Exercise in exact copying: restate word for word only the lines below from the one containing "CloudNativeCon / KubeCon" through the one containing "Biotechnology in Agriculture", omitting any pictures.

» **Records for the exercise**
--------

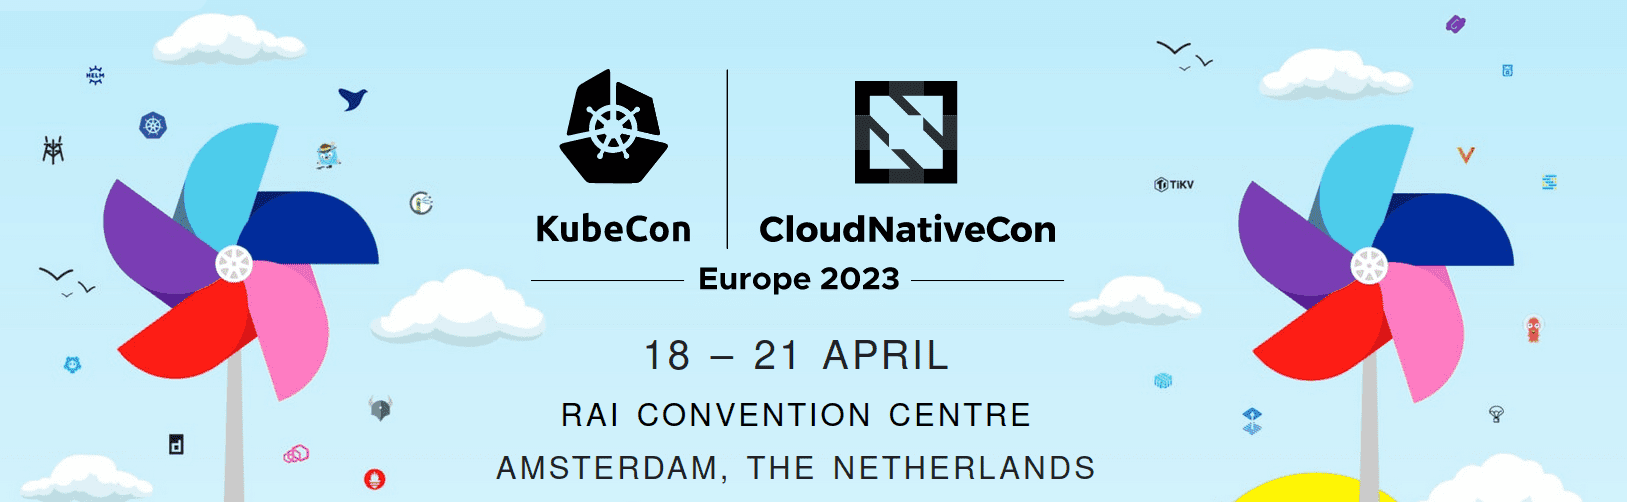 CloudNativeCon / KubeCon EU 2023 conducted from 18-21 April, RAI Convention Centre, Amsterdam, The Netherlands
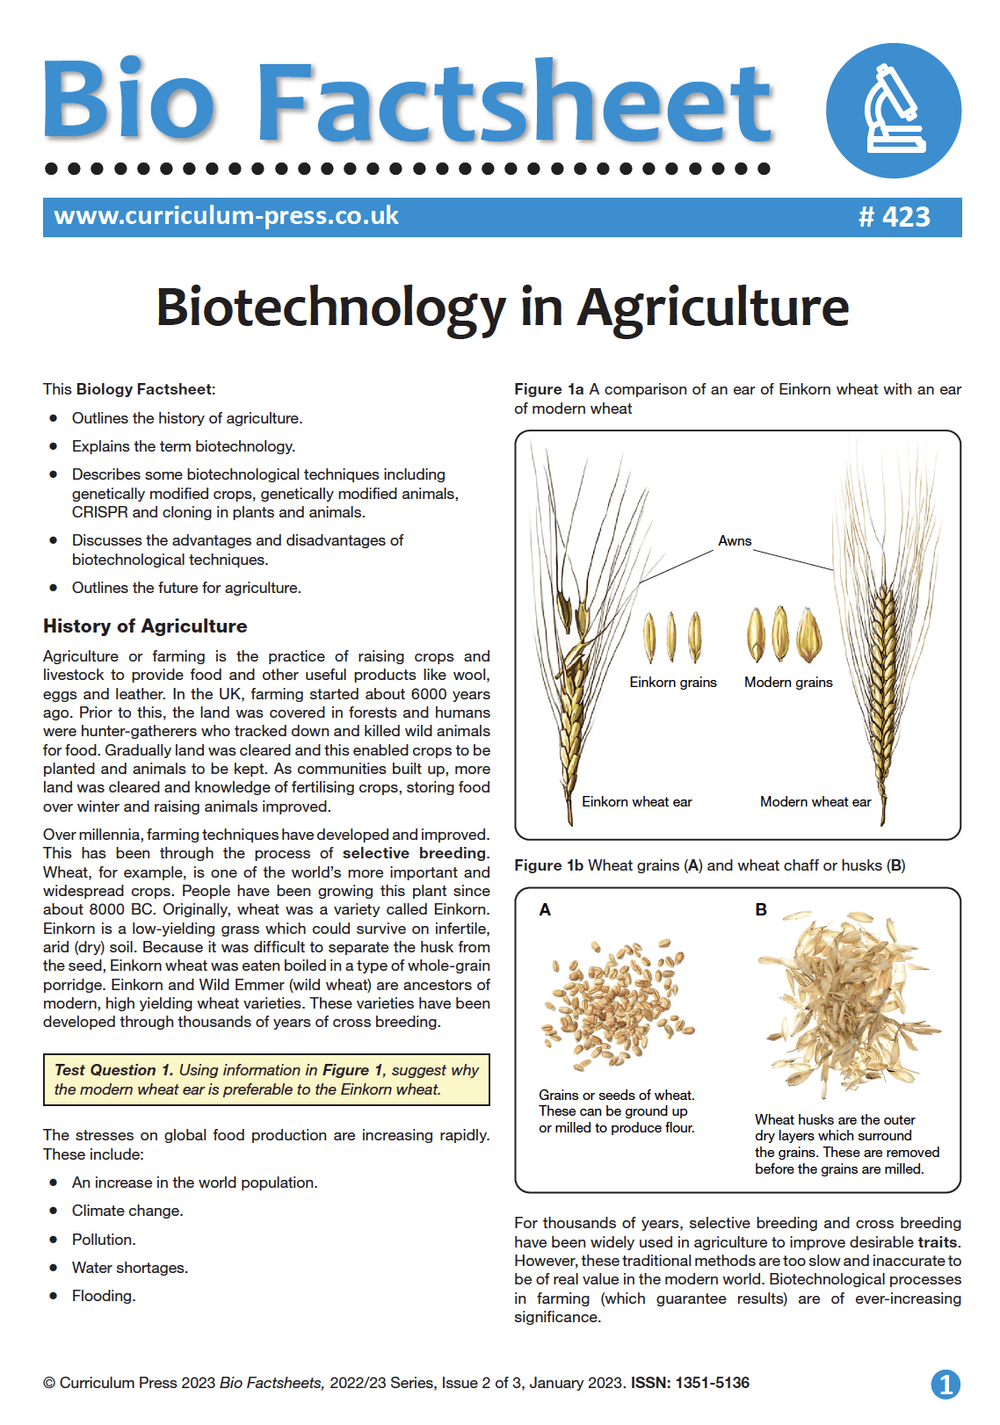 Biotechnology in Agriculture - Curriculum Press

--------

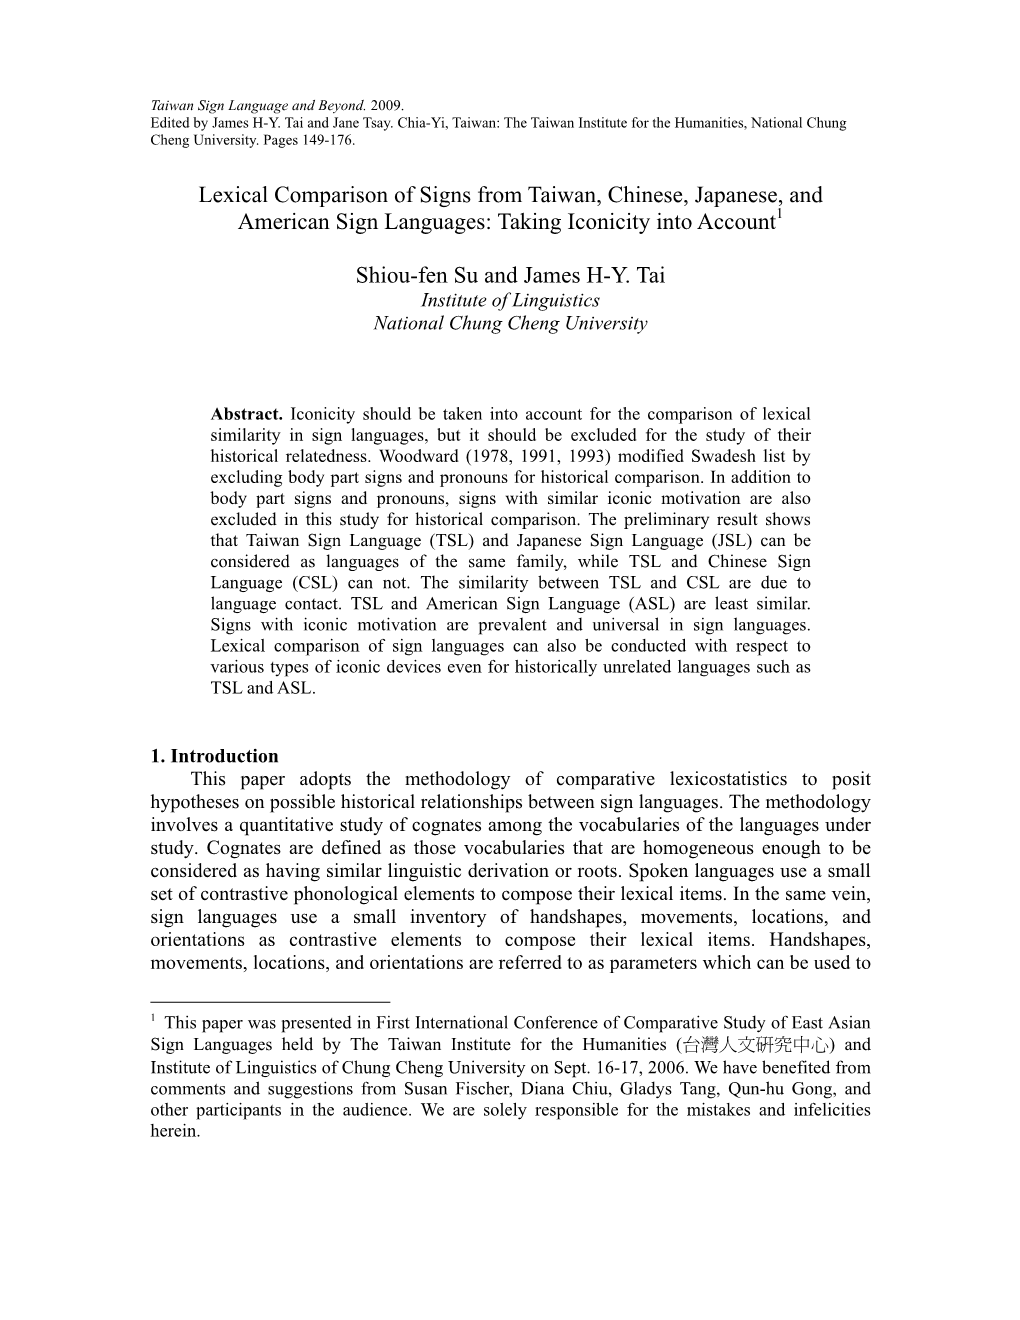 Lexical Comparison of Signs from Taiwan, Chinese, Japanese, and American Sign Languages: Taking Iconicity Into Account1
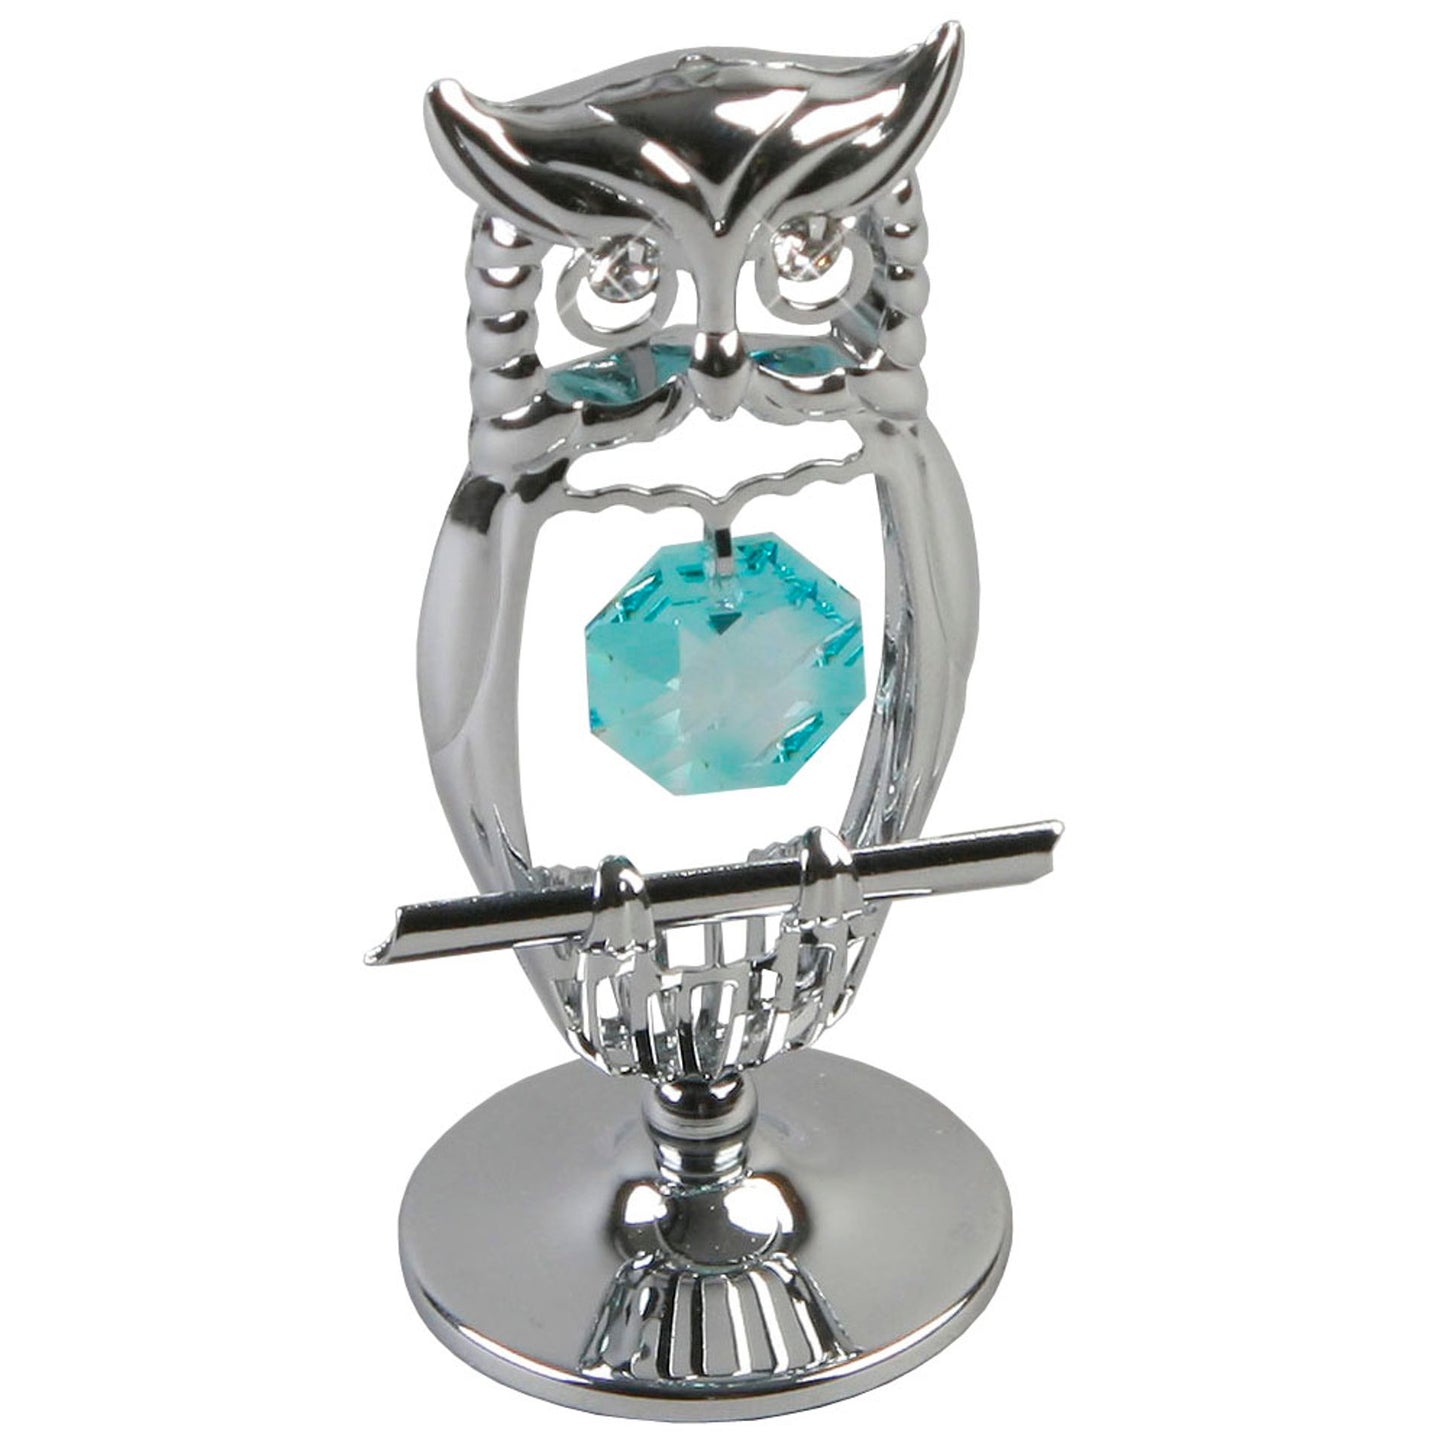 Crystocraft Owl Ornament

--------

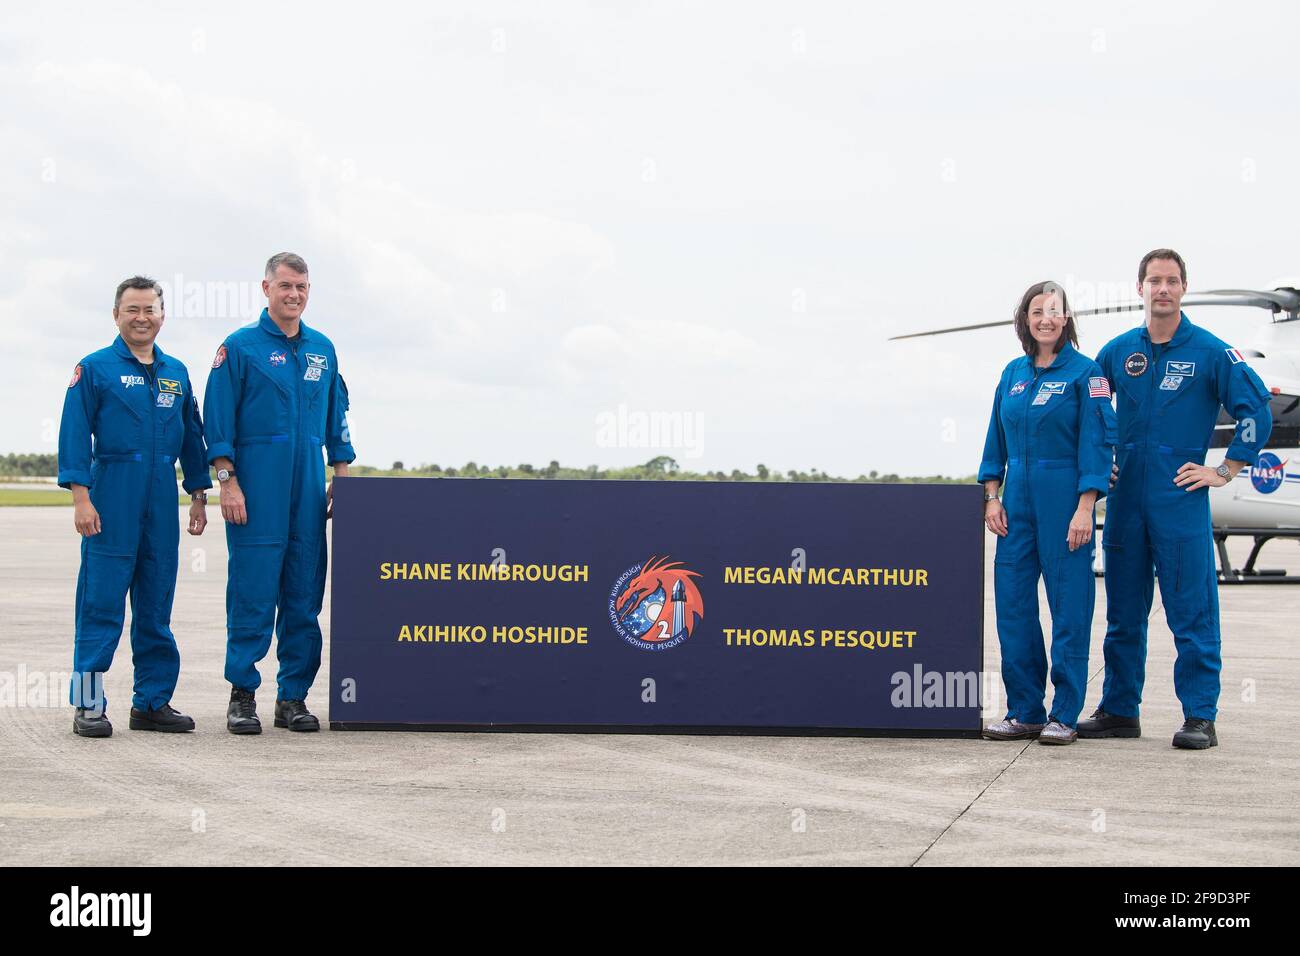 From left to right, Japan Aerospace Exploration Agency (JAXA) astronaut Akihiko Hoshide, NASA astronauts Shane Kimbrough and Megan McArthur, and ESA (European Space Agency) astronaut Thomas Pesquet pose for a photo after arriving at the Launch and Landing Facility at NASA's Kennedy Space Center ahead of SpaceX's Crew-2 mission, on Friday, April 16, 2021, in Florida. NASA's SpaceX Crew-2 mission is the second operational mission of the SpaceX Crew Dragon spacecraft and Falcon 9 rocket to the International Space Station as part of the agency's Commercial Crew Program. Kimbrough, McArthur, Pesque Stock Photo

--------

» **Solution to this problem**
 CloudNativeCon / KubeCon EU 2023 conducted from 18-21 April, RAI Convention Centre, Amsterdam, The Netherlands
 Biotechnology in Agriculture - Curriculum Press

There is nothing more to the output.